Although recent studies have pointed to stem cells as an important key factor in colorectal cancer, it is not clear exactly what is happening at the cellular level in the intestine. Now, a new study by researchers at Stevens Institute of Technology, Oncogenic stemness through dedifferentiation promotes tumor-persistent adaptability of the intestinal epithelium. Published in cell death and diseaseshed further light on the complex cellular environment of the intestine.
For this study, researchers led by Ansu Perekat, assistant professor in the Department of Chemistry and Chemical Biology at the Stevens School of Engineering and Science, focused on so-called Lgr5-positive stem cells. “These stem cells are essential for the rapid regeneration of tissue in the intestinal lining,” Professor Perekat explains. His research focuses on understanding why cancer often recurs after treatment, with the aim of informing treatment strategies that target tumor recurrence. “They are rapidly dividing cells that produce progenitor cells to constantly replace the intestinal lining.”
The intestines have a unique tissue structure. Lgr5-positive stem cells and their growing progenitors remain in small pocket-like regions called crypts until they are ready to “go out” to take on their designated role. Meanwhile, villi (tiny finger-like projections that line the small intestine and help absorb nutrients from food) are made up of mature, specialized cells that exit the crypts. As new cells move upward from the crypts into the villi, they normally stop dividing and take on their final role as mature cells.
In this setting, colon tumors can develop in two ways, Perekatt explains.

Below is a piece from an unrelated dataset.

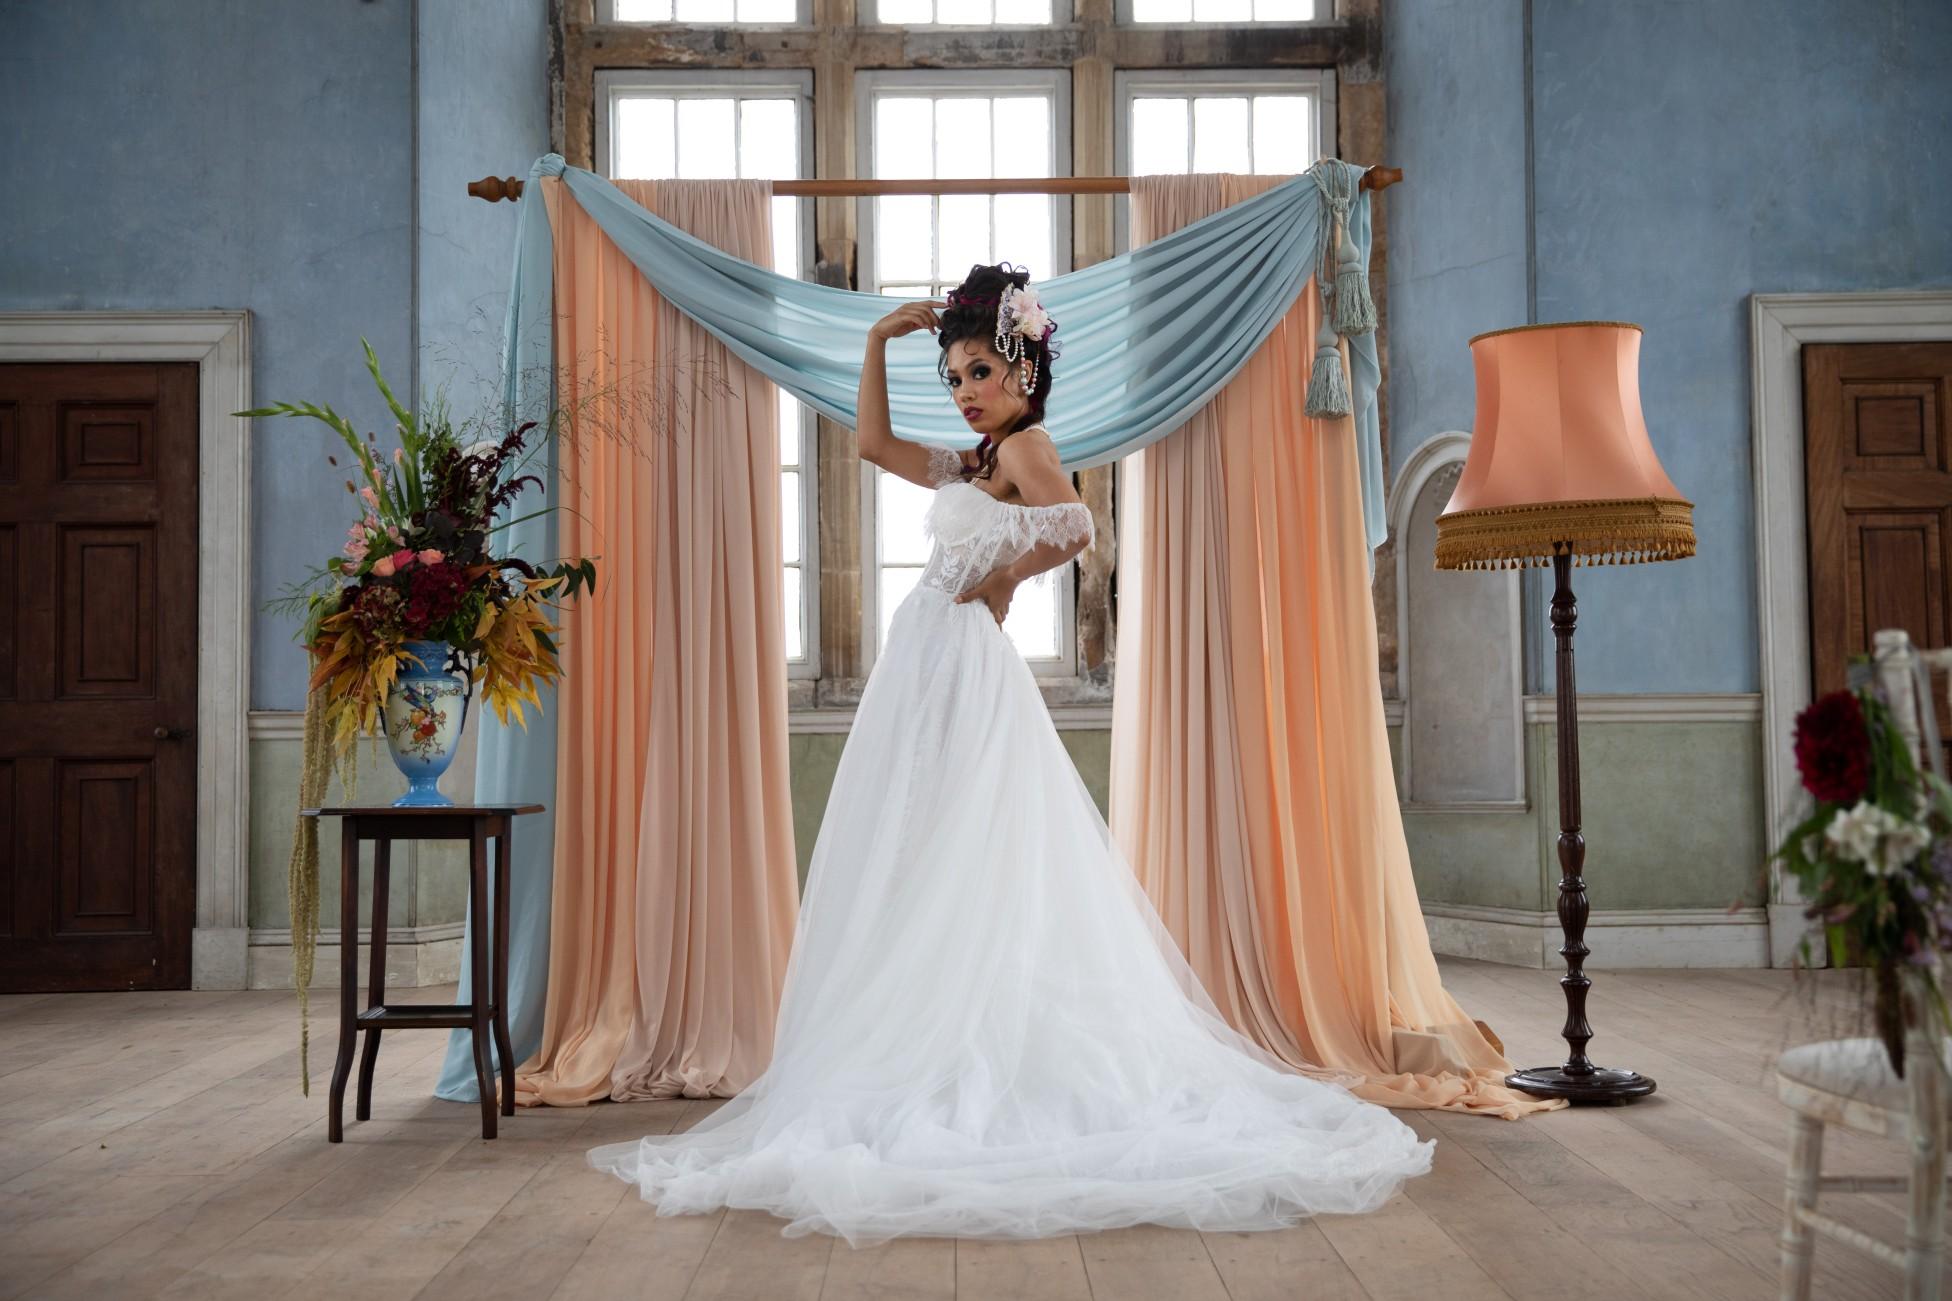 unique pastel wedding - marie antionette wedding - unique bridal look - unique bridal style - themed wedding - unique bride style

One way is “bottom up”, where normal stem cells deep in the intestines mutate and become cancerous. The second “top-down” method occurs when mature cells near the surface of the intestine reprogram themselves to become stem-like again and then transform into cancer cells.
Mature cells can reverse their course and become stem-like again, especially after injury or when normal stem cells are lost. A similar process may occur in colon tumors, where mature, already specialized cells can acquire so-called de novo stemness and regain stem cell-like behavior. ”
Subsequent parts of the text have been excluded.